The Hidden Cost of Outsourcing Desktop Support
By Alex Kozlov, Compass America
Many organizations seek to reduce the cost of PC ownership by outsourcing
desktop operations. In doing so, they may unwittingly be passing the cost
burden on to end users.
A recent analysis by Compass (www.compassmc.com), a global management
consulting firm specializing in business and IT performance improvement,
shows that outsourcing the desktop tends to increase the cost of end-user
‘self support.’ Specifically, Compass data shows that if 10 percent
of desktop support is outsourced, the total annual cost of end-user self
support is $391 per employee. When 40 percent of desktop support
is outsourced, this cost more than triples, to $1225 per year.
The study is based on several hundred cost and quality analyses of desktop
environments conducted by Compass in 2004.
Compass defines end-user self support as time spent by employees fixing
or trying to fix their own or their colleagues’ PCs. While rarely
measured, self-support is a longstanding hidden cost of PC ownership,
and a significant drain on business productivity.
In addition to distracting employees from their primary job responsibilities,
self support contributes to a wide range of performance problems.
For one thing, do-it-yourselfers often introduce inconsistencies between
standard configurations, thereby reducing compatibility and increasing
demand for central support activity.
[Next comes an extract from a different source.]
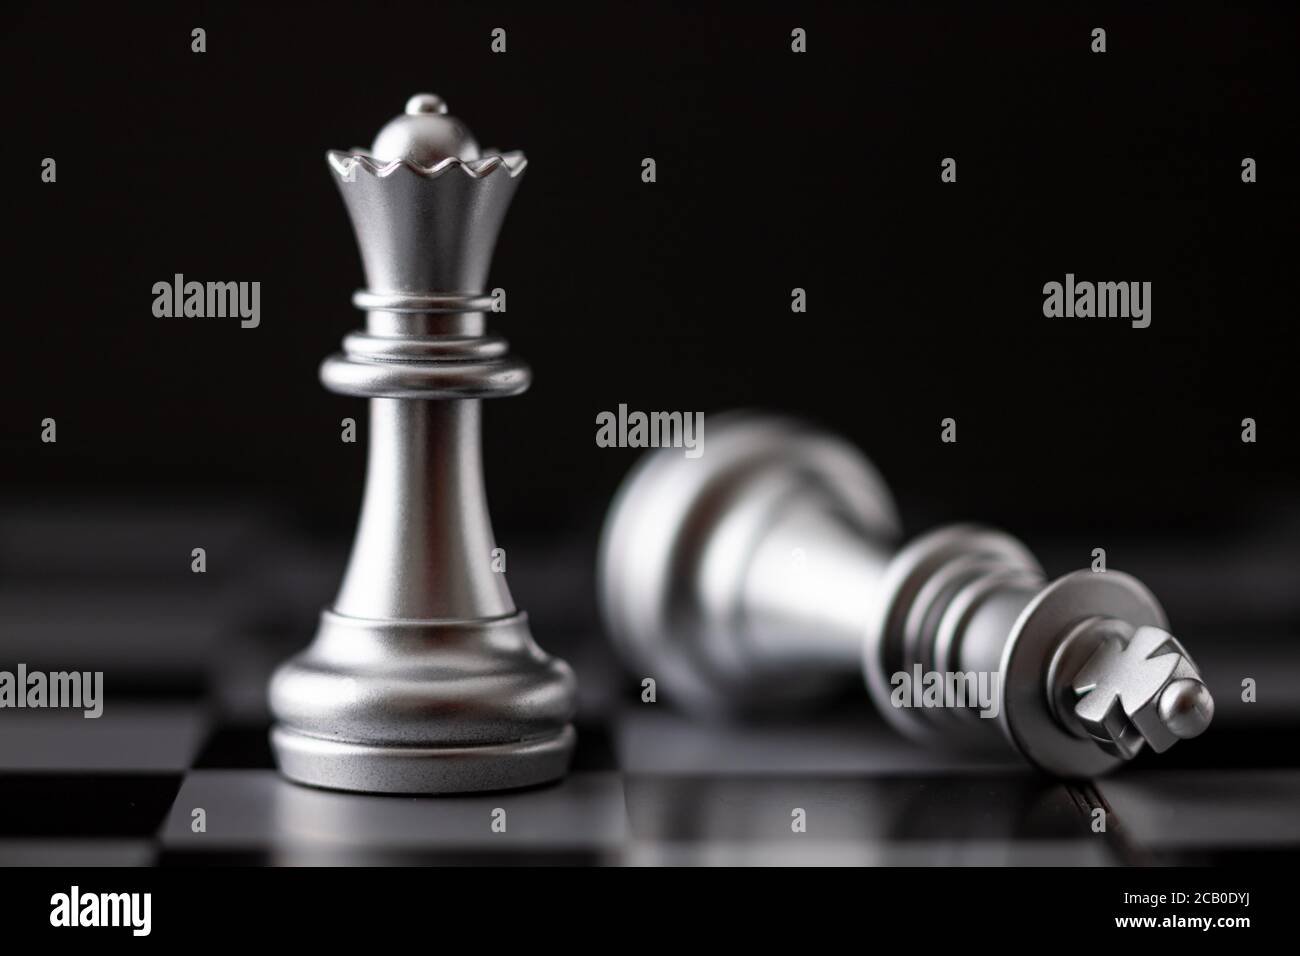 La regina d'argento in piedi e il re che cade in gioco sulla scacchiera Foto Stock

Self support can also hide
problems from the central support team, so instead of a single investigation
and resolution, the same problem is repeated and resolved many times over.
Controlling self-support activity is particularly difficult in outsourced
environments because a third party – while well-equipped to support standard
services such as e-mail and MS Office products – struggles to develop
the internal knowledge base needed to effectively support business-specific
applications. To address this challenge,
Compass recommends the following to organizations planning to outsource
· Provide the outsourcer with sufficient training and expertise
to ensure a strong first-line support function. Specifically, focus
on training in business applications and provide an up-to-date and effective
configuration management database. Remember that first-line support
serves as the primary point of contact with the customer base, determines
how business users will judge their IT supplier, and potentially provides
a critical source of business information.
· Establish a first-line incident resolution target rate of at least
70 percent, and provide the support and resources needed to achieve this.
An outsourced single point of contact with a poor first-line resolution
rate is simply adding cost without adding value.
· Avoid paying for the Service Desk on a per call basis. Such a
pricing structure is counter-productive, as it discourages the use of
the Service Desk and encourages additional self-support.